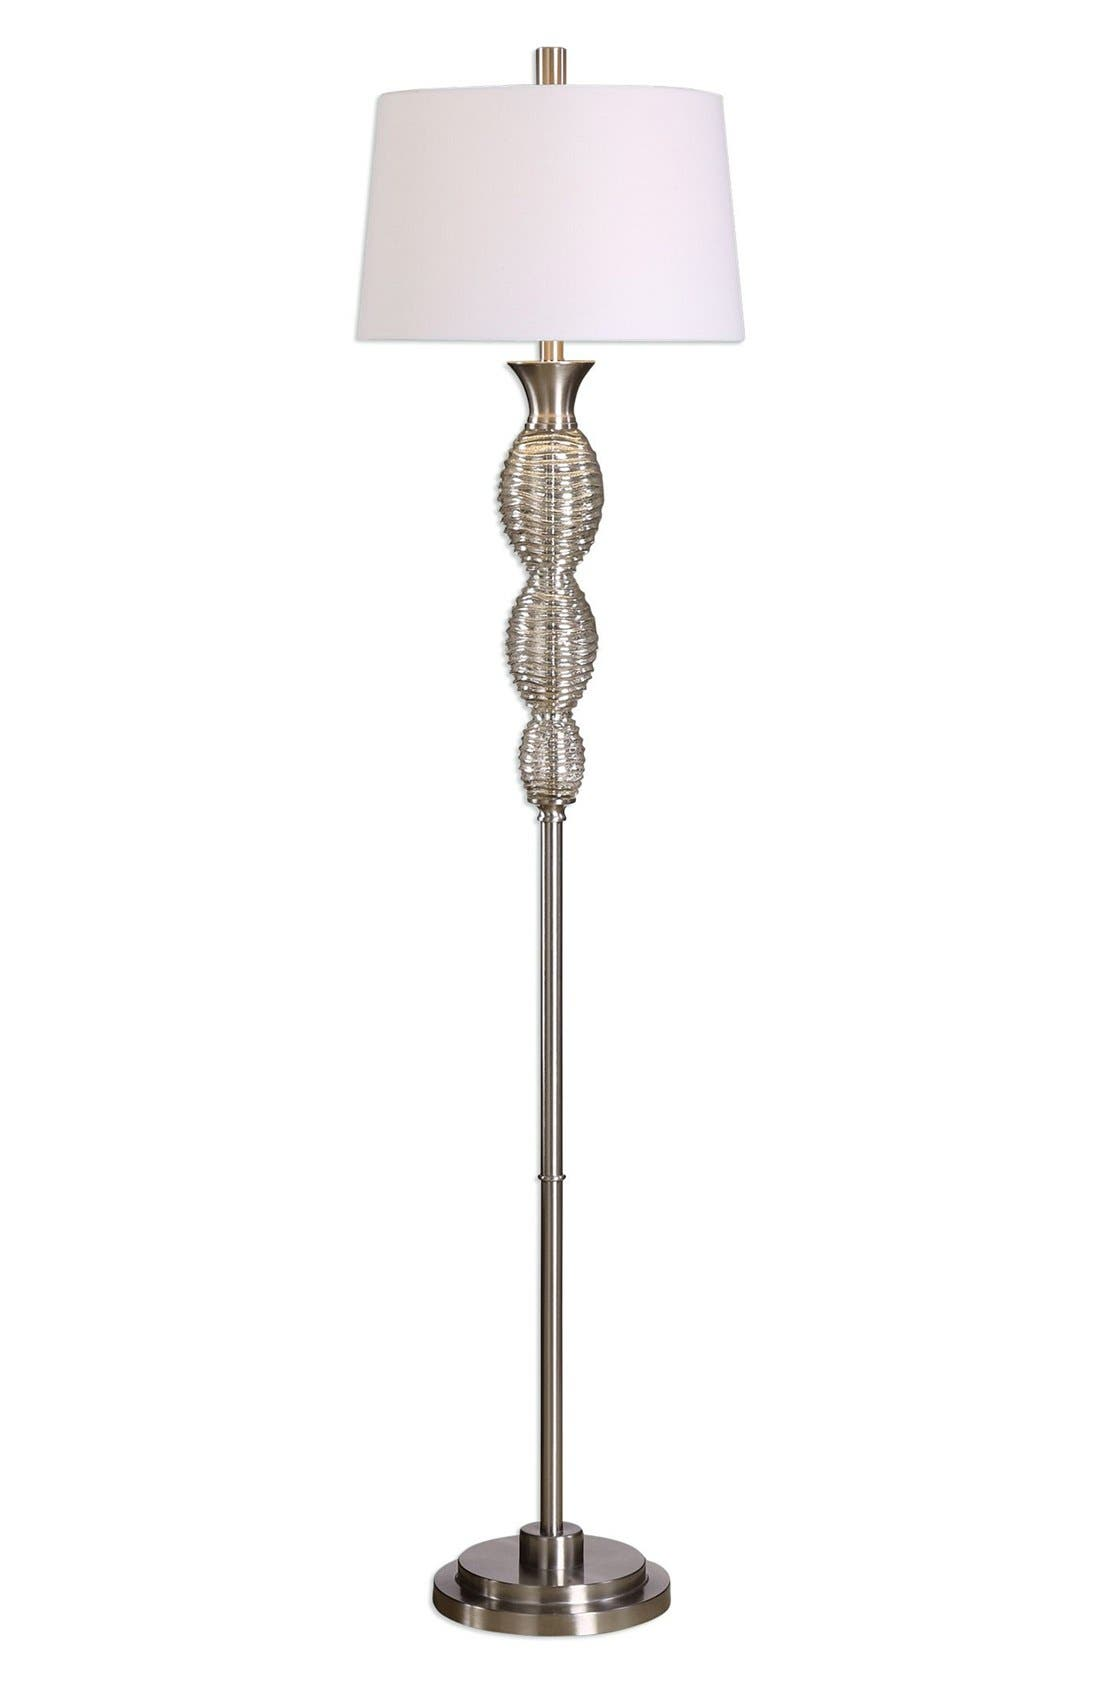 Main Image - Uttermost Mercury Glass Floor Lamp
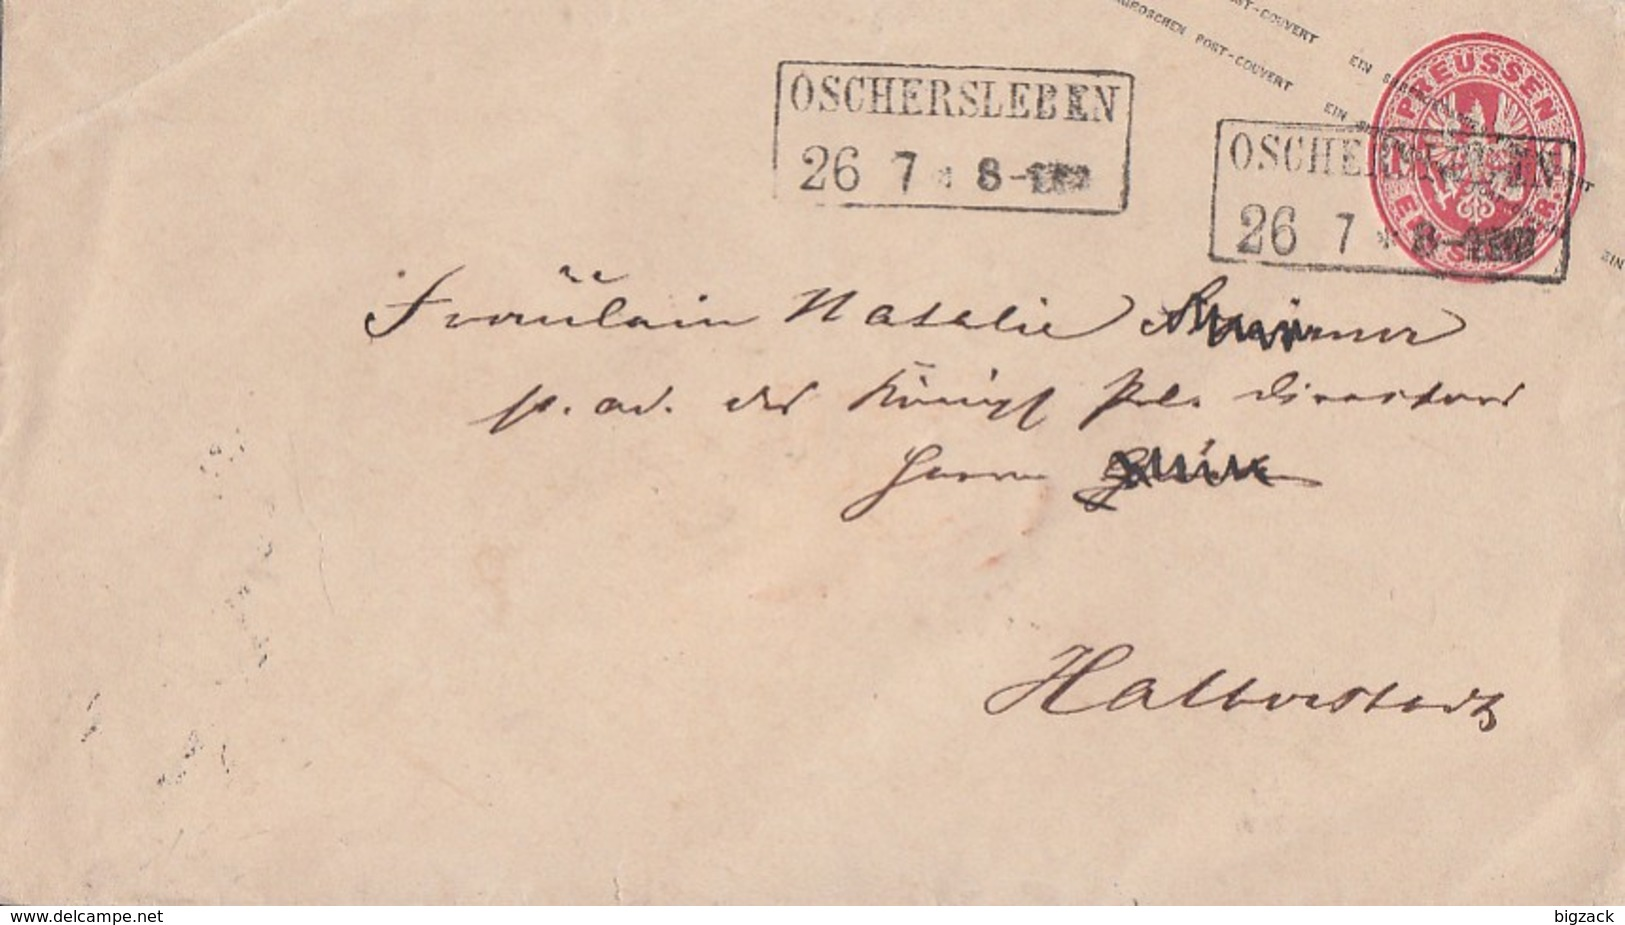 Preussen GS-Umschlag 1 Silbergr. R2 Oschersleben 26.7. - Preussen
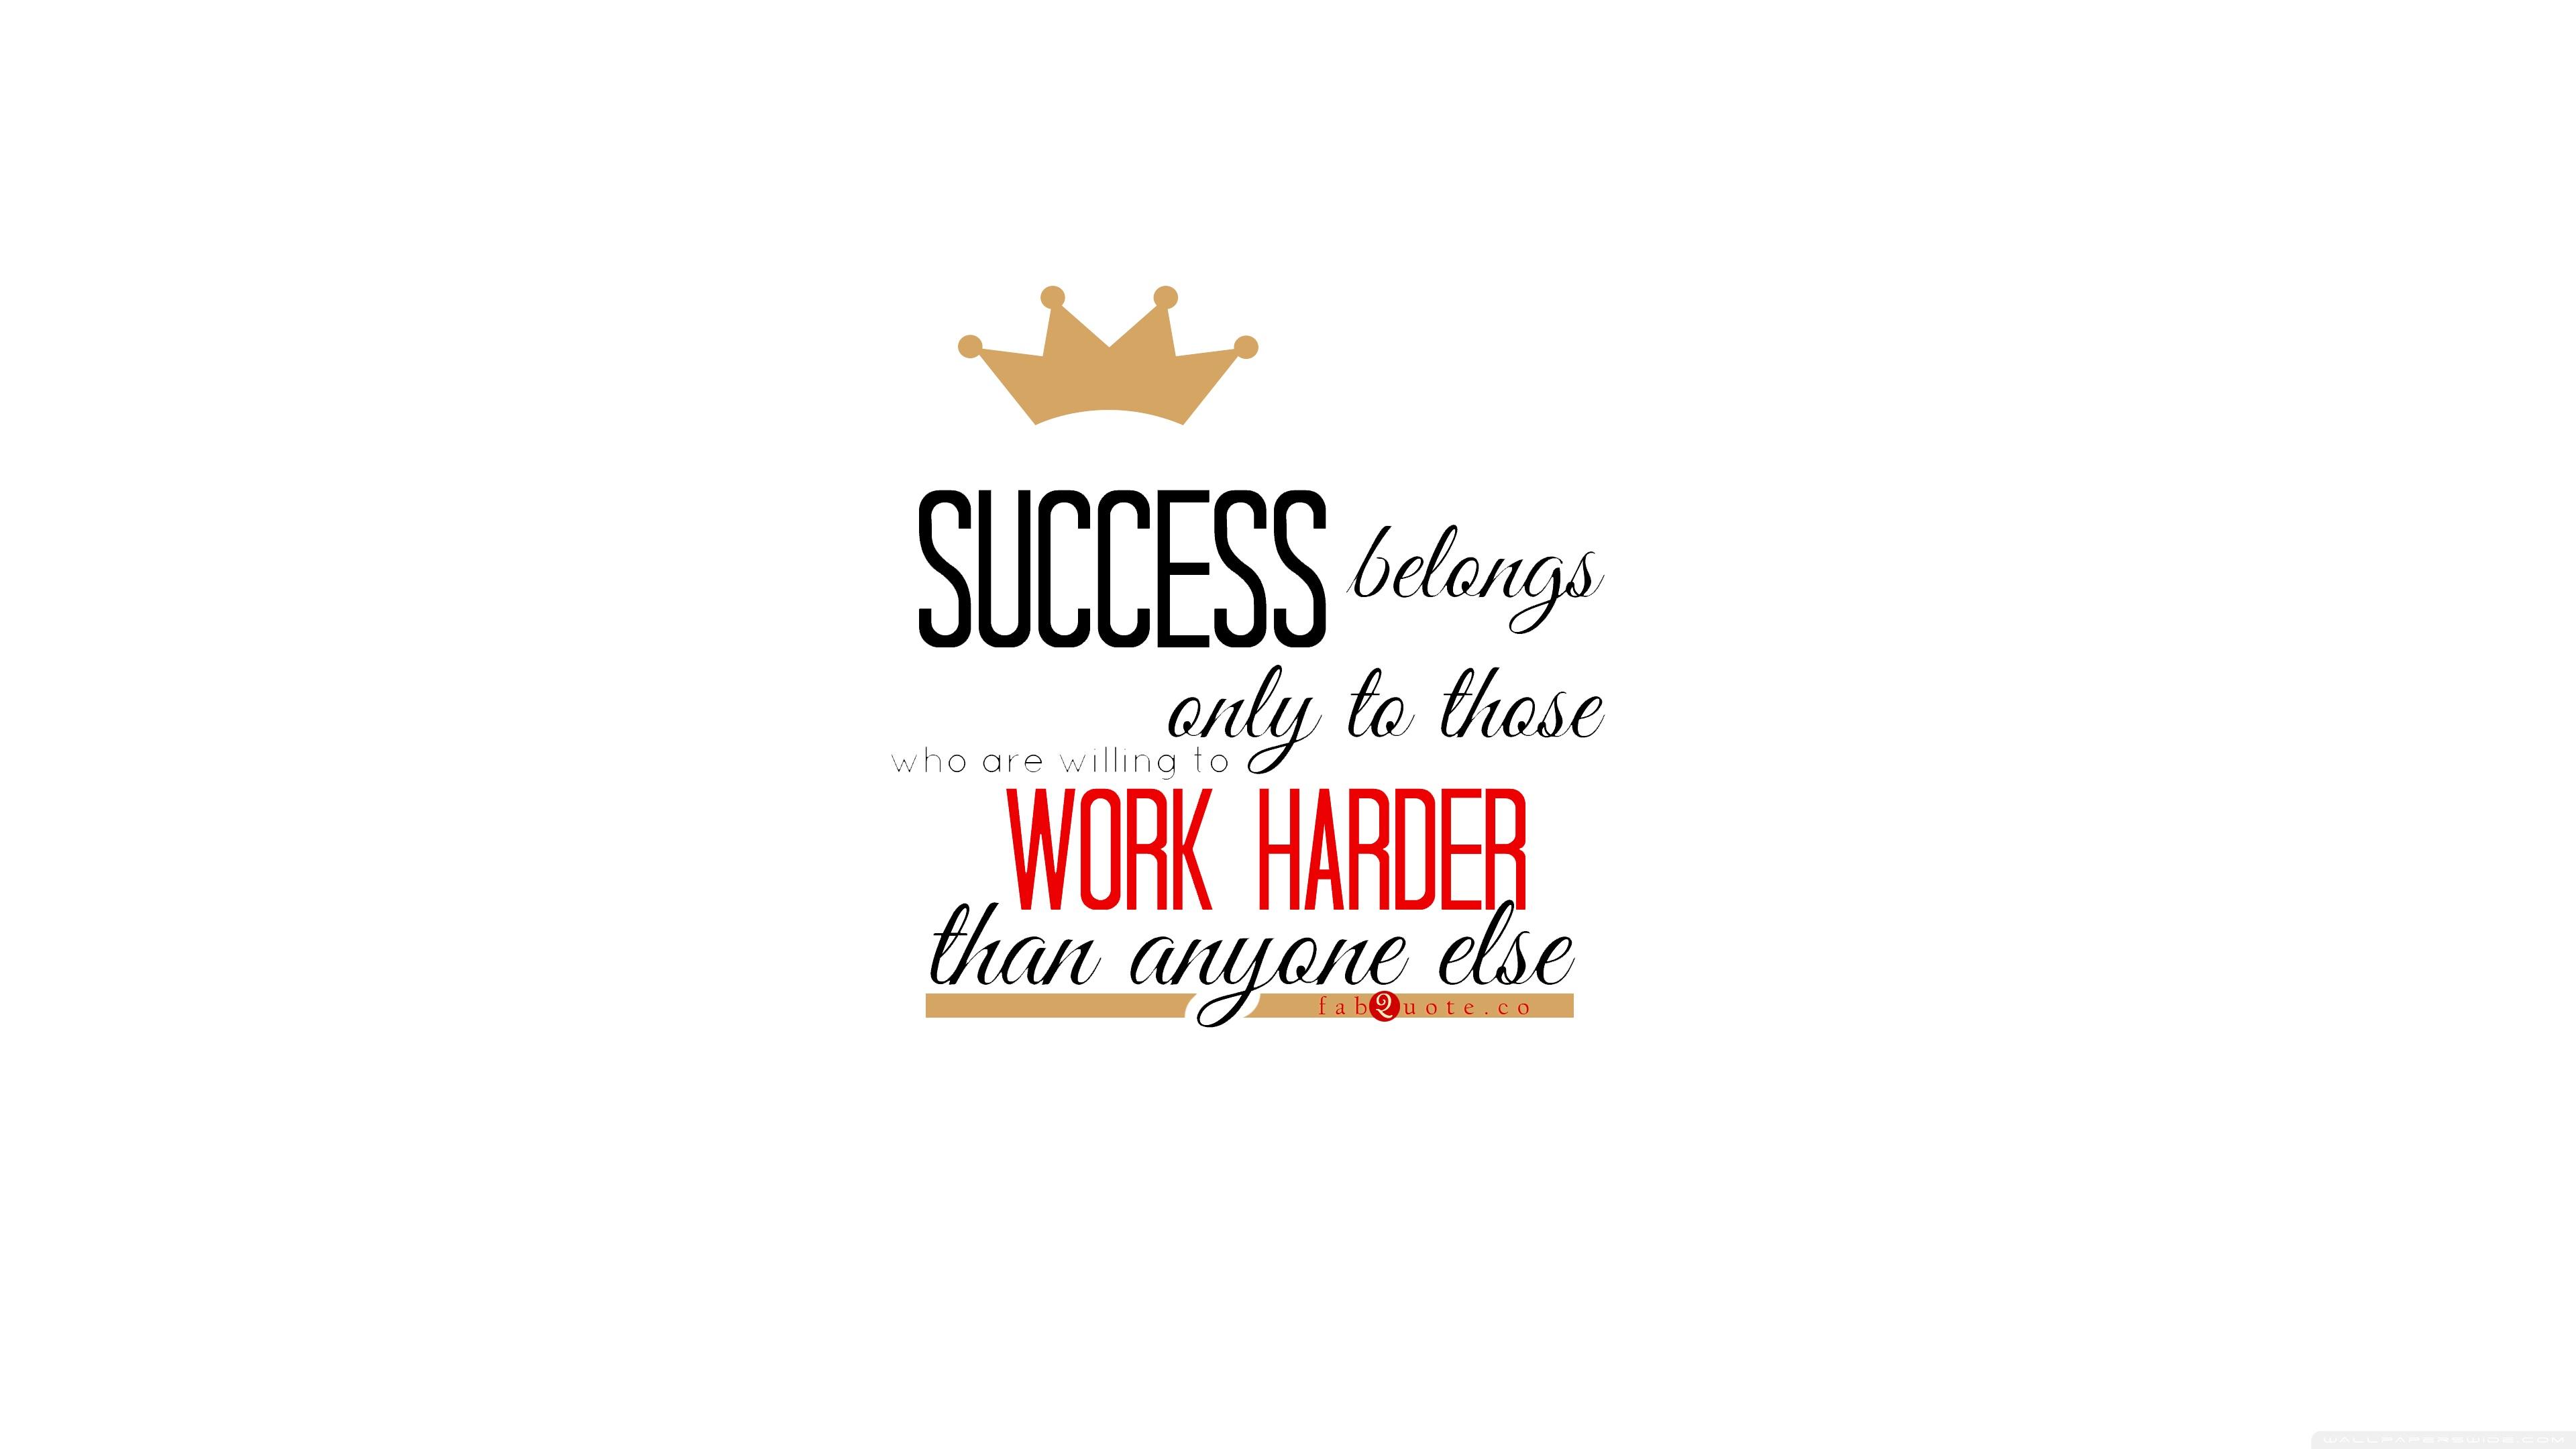 Rupi Kaur Quotes Wallpaper Quote About Success 4k Hd Desktop Wallpaper For 4k Ultra

About this exercise => Copy all the data exactly as written, but skip any picture.

Result =>
 Main Image - Uttermost Mercury Glass Floor Lamp
 Preussen GS-Umschlag 1 Silbergr. R2 Oschersleben 26.7. - Preussen
 Rupi Kaur Quotes Wallpaper Quote About Success 4k Hd Desktop Wallpaper For 4k Ultra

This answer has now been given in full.